The Regional District of Nanaimo board is worried residents in Parksville Qualicum Beach will add their recycling to garbage collected at the street level. (PQB News file photo)

RDN seeks temporary solution to provide recycling facilities in Parksville Qualicum Beach

Directors agree travelling 45 minutes to nearest depot is unacceptable

  • Mar. 26, 2021 12:00 a.m.

The Regional District of Nanaimo board wants staff members to look at options for a temporary recycling depot service in the Parksville Qualicum Beach area.

The board, at its regular meeting on March 23, unanimously voted in favour of Nanaimo director Ben Geselbracht’s motion calling for staff to prepare a report for the solid waste select committee for discussion.

Based on recent letters received from Recycling B.C. and the Ministry of Environment and Climate Change that updated the board on the current status for recycling depots in Parksville Qualicum Beach, there’s still no definite solution coming anytime soon.

It’s been a year since the Parksville and Qualicum Beach recycling depots stopped taking glass, soft plastics and Styrofoam for recycling, leaving residents to travel 30 to 45 minutes to the nearest depots in Nanaimo and Courtenay.
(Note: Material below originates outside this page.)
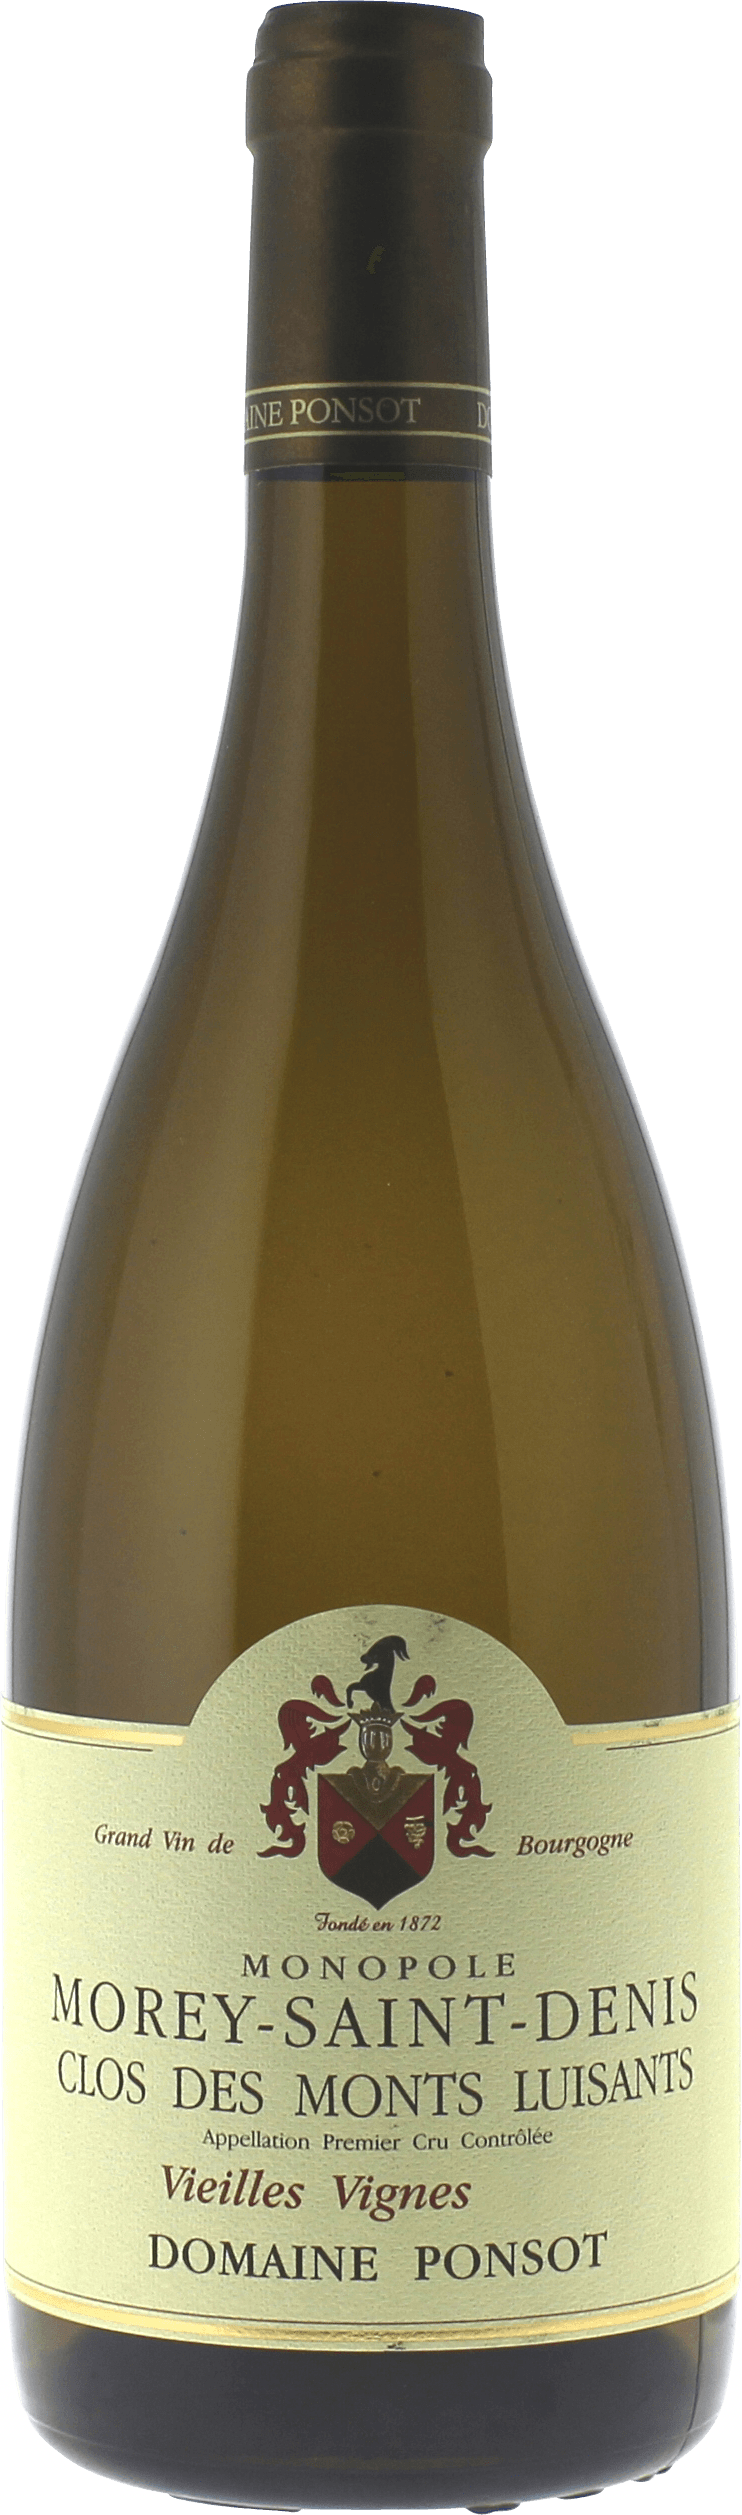 Morey saint denis 1er cru clos des monts luisants vieilles vignes 2017 Domaine PONSOT, Bourgogne blanc

RELATED: Recycle B.C. looks for business to step up to fill the gap left by depots in Parksville and Qualicum Beach

Recycle B.C. has assured the RDN they are working diligently to find a solution to the problem but have been unsuccessful with entering into an agreement with any service providers.

“I think it’s important that the select committee just have a discussion on what the potential options are for temporary solutions because the public is demanding for a more adequate level of service and rightly so given what our targets are and what people have gotten used to,” said Geselbracht.

Parksville director Ed Mayne supported the motion, noting he is aware of the challenge Parksville Qualicum Beach residents are facing to get rid of their recyclables.

“What I’m finding it hard to understand from this environmental group, because that’s what BC Recycle is, that it’s perfectly OK to drive for half an hour,” Mayne said. “To me it just doesn’t make any sense. We need to have a solution.”

With the RDN working to achieve the 90 per cent diversion target in its solid waste management plan, Mayne is concerned more people will add recycling to the garbage collected at the street level.

Electoral Area E (Nanoose Bay) director Bob Rogers is concerned the temporary solutions may end up to be a permanent one. He wants to make sure that doesn’t happen.

Board chair Tyler Brown agreed a solution must be found.

“The idea is absurd to expect people to drive from Parksville or Qualicum to outlets outside the municipalities to Nanaimo to recycle,” said Brown.